Kannst Du mir mit ner kleinen Beschreibung weiterhelfen?!!!

Sorry für den doppelten Thread, habe erst im nachinein gemerkt, das ich in der falschen Rubrik eingestellt habe!


----------



## mic_checker (2. Mai 2005)

Also das Problem ist ja folgendes:

Du willst den eingelesenen Inhalt an die Liste übergeben, setzt dafür liste1 entsprechend. Allerdings wird deine liste nirgendwo in einem JTabbedPane angezeigt so dass sich die Änderungen nicht bemerkbar machen.

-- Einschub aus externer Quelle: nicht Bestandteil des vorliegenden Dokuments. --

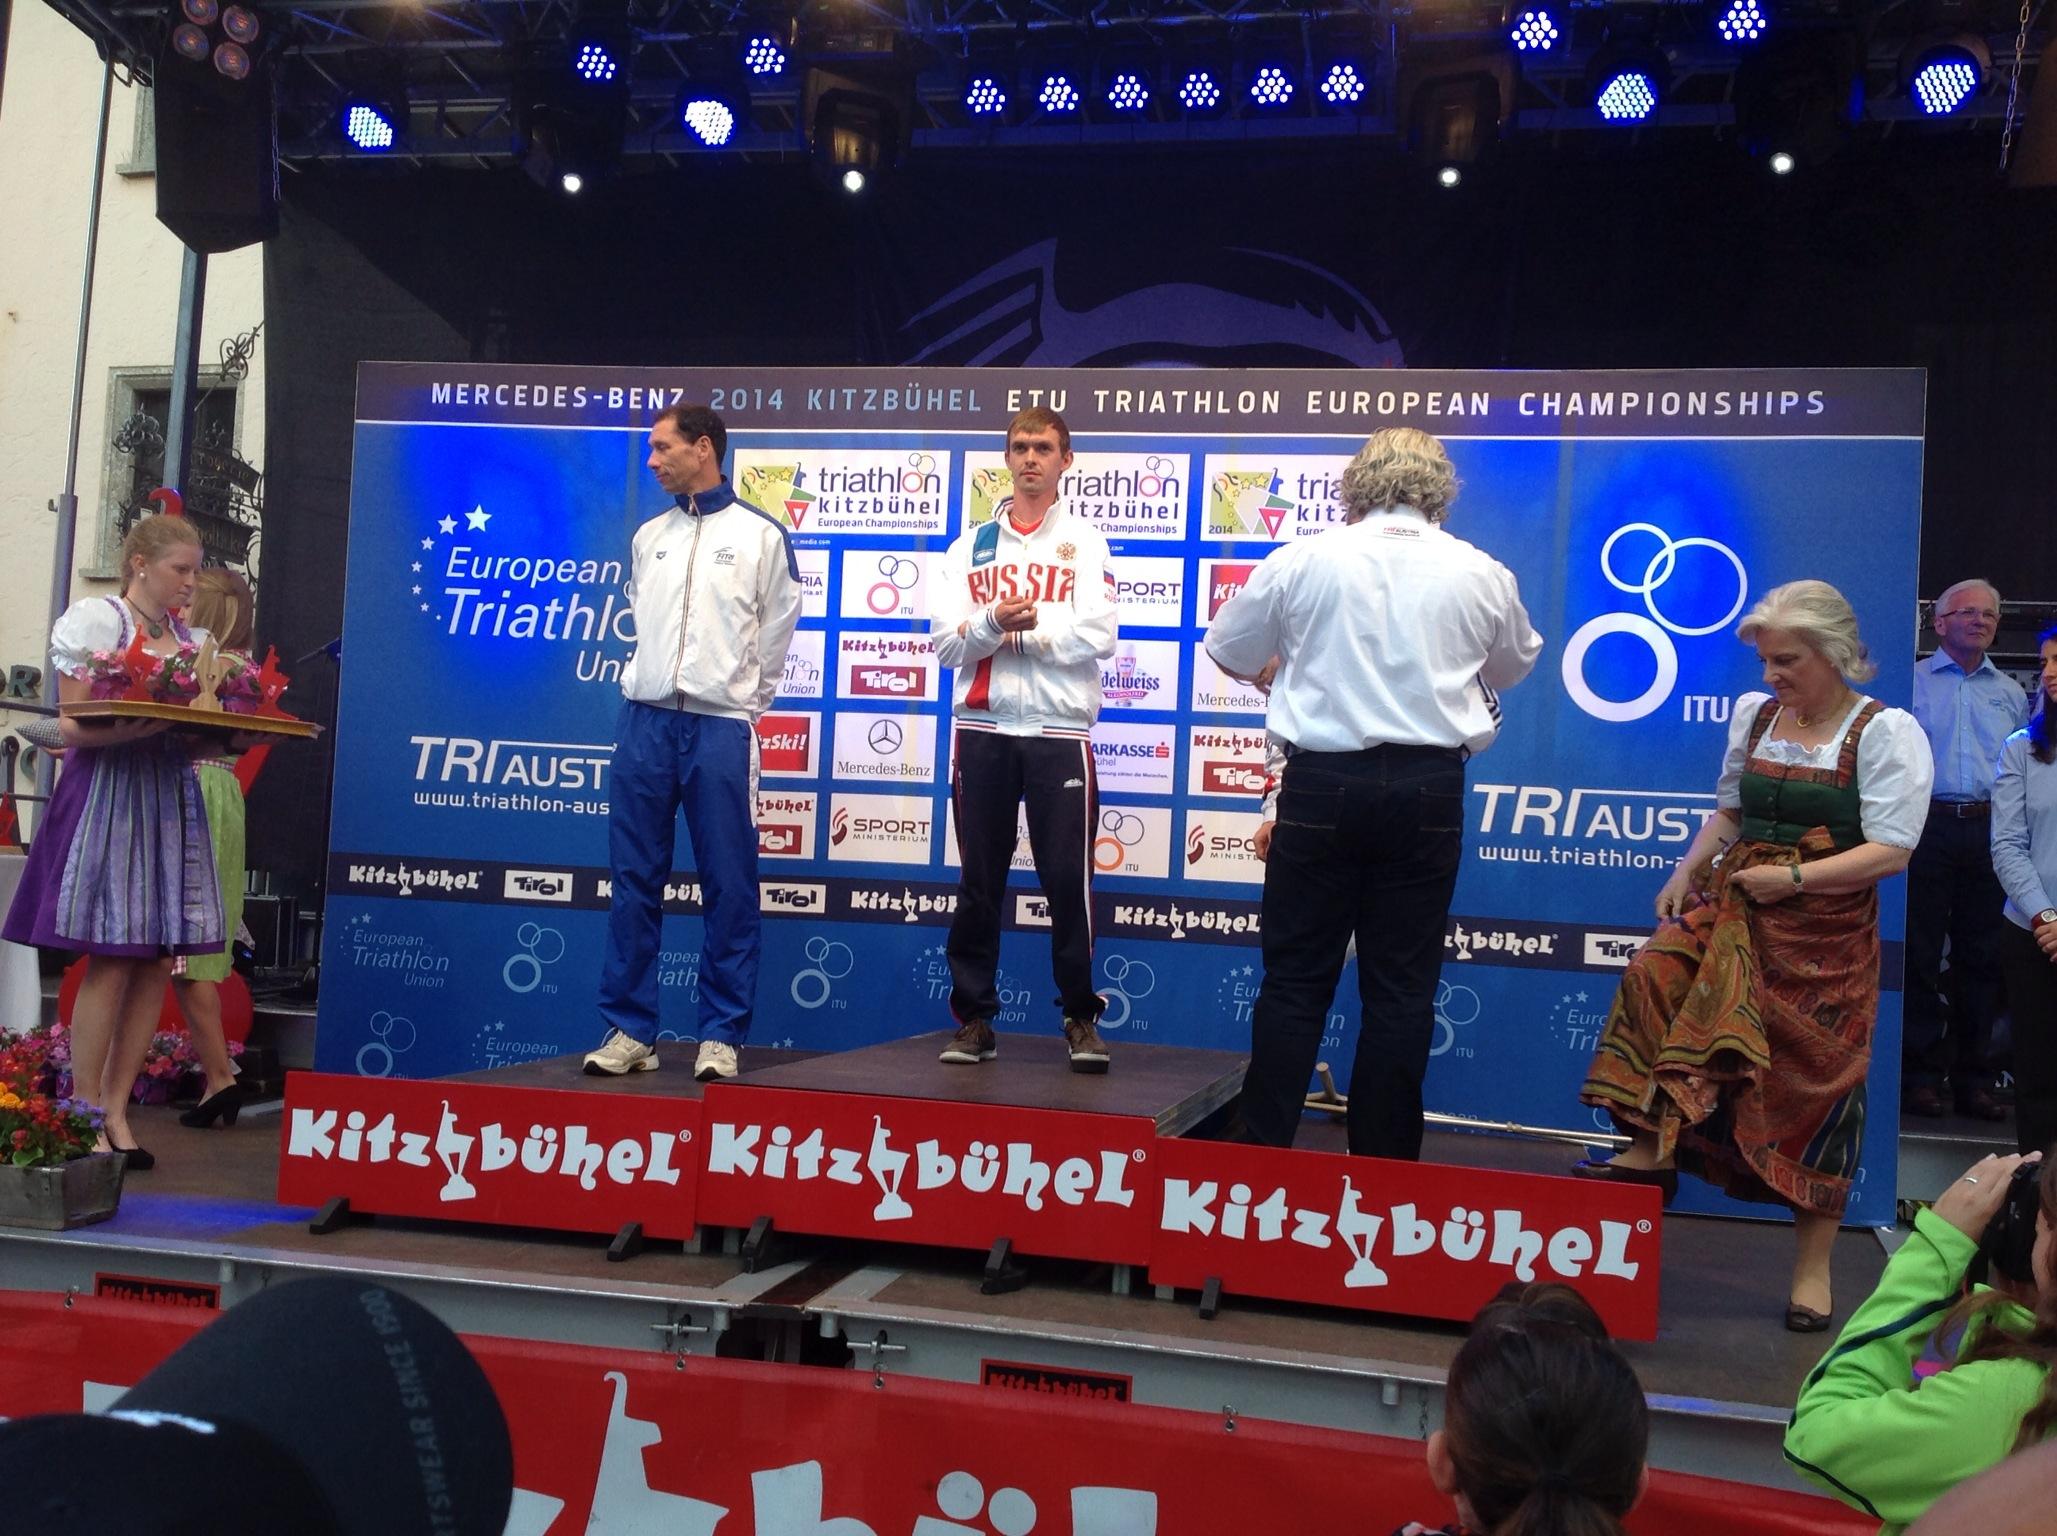 Российские спортсмены завоевали золотую и серебряную медали на чемпионате Европы по триатлону спорта лиц с поражением опорно-двигательного аппарата в Австрии

Du könntest z.B. ein Array von JList anlegen - dann in den create Methoden entsprechend die Objekte erzeugen. Je nachdem in welchem Tab du es darstellen willst kannst du es dann über Index der jeweiligen Liste zuweisen.

Hoffe du verstehst was ich meine.


----------



## anton_23 (2. Mai 2005)

Nee, nich wirklich!!!


----------



## mic_checker (2. Mai 2005)

Anstatt oben liste1 und liste zu deklarieren und einzeln in den create Methoden nochmal die Listen könntest du ein Array von JList machen, das groß genug ist um in jedes JTabbedPane eine Liste zu setzen.

Dann in den create Methoden jeweils die Listen erzeugen, also im ersten Tab Liste an Stelle 0 im Array erzeugen etc. pp. So machst du das in jeder create Methode....

Beim Datei öffnen musst du dann gucken in welchem Tab du das anzeigen willst, wählst den entsprechenden Index im Array aus und setzt entsprechend den Inhalt dieser Liste.


----------



## anton_23 (2. Mai 2005)

Ich raffs einfach nett!

Kannst Du mal nen Code Beispiel posten!!!

THX

Anton_23


----------



## mic_checker (3. Mai 2005)

wo hakt es denn ? also was verstehst du nicht?


----------



## anton_23 (3. Mai 2005)

o.k. Du sprichst sprichst für mich diegleiche Sprache wie mein Programm. Ich habe echt keinen Plan von Java undmuss bisnächste Woche Montag mein Code fertig haben, egal wie. Bin momenatan aber irgendwie auch nicht mehr aufnahmefähig (Fatal Error auf Layer8)!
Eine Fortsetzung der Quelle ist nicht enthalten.